Look through the entries below and extract exactly the lines from the one containing "Porträtfoto von schwarzen" through the one containing "遇见告白季520情人节节日宣传海报", ends included.

BEGIN Records provided

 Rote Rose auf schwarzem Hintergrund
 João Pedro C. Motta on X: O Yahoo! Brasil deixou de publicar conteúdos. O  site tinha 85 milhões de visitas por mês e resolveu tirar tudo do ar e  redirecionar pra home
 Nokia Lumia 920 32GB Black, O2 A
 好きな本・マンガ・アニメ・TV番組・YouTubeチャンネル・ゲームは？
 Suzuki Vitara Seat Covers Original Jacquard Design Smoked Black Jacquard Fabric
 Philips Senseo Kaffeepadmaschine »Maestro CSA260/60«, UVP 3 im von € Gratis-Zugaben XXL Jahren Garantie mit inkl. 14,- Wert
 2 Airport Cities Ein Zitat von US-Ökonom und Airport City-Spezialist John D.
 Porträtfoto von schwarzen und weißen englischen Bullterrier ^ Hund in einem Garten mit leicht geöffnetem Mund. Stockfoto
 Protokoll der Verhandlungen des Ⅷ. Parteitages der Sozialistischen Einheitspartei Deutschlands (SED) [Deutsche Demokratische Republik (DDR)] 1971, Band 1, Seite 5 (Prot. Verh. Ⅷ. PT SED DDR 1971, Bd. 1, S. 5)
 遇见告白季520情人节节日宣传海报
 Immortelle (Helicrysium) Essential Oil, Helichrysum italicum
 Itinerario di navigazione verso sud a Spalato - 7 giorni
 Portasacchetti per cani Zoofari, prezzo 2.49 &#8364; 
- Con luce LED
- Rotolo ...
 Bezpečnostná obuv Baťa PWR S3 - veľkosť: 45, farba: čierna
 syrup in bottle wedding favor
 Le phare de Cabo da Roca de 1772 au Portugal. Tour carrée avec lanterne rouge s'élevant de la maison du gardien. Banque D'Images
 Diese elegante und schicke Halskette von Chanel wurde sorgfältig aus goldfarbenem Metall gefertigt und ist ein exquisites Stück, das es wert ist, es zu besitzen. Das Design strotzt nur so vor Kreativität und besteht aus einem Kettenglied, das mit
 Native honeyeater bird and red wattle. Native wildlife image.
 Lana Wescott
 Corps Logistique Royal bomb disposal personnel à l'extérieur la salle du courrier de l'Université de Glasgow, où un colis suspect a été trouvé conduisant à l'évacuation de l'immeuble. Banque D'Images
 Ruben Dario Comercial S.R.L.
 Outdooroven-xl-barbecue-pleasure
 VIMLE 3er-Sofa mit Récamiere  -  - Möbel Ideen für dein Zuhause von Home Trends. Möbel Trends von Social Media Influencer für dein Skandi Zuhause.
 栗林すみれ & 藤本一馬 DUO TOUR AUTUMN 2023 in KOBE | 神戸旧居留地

END Records provided

Exercise solution:
 Porträtfoto von schwarzen und weißen englischen Bullterrier ^ Hund in einem Garten mit leicht geöffnetem Mund. Stockfoto
 Protokoll der Verhandlungen des Ⅷ. Parteitages der Sozialistischen Einheitspartei Deutschlands (SED) [Deutsche Demokratische Republik (DDR)] 1971, Band 1, Seite 5 (Prot. Verh. Ⅷ. PT SED DDR 1971, Bd. 1, S. 5)
 遇见告白季520情人节节日宣传海报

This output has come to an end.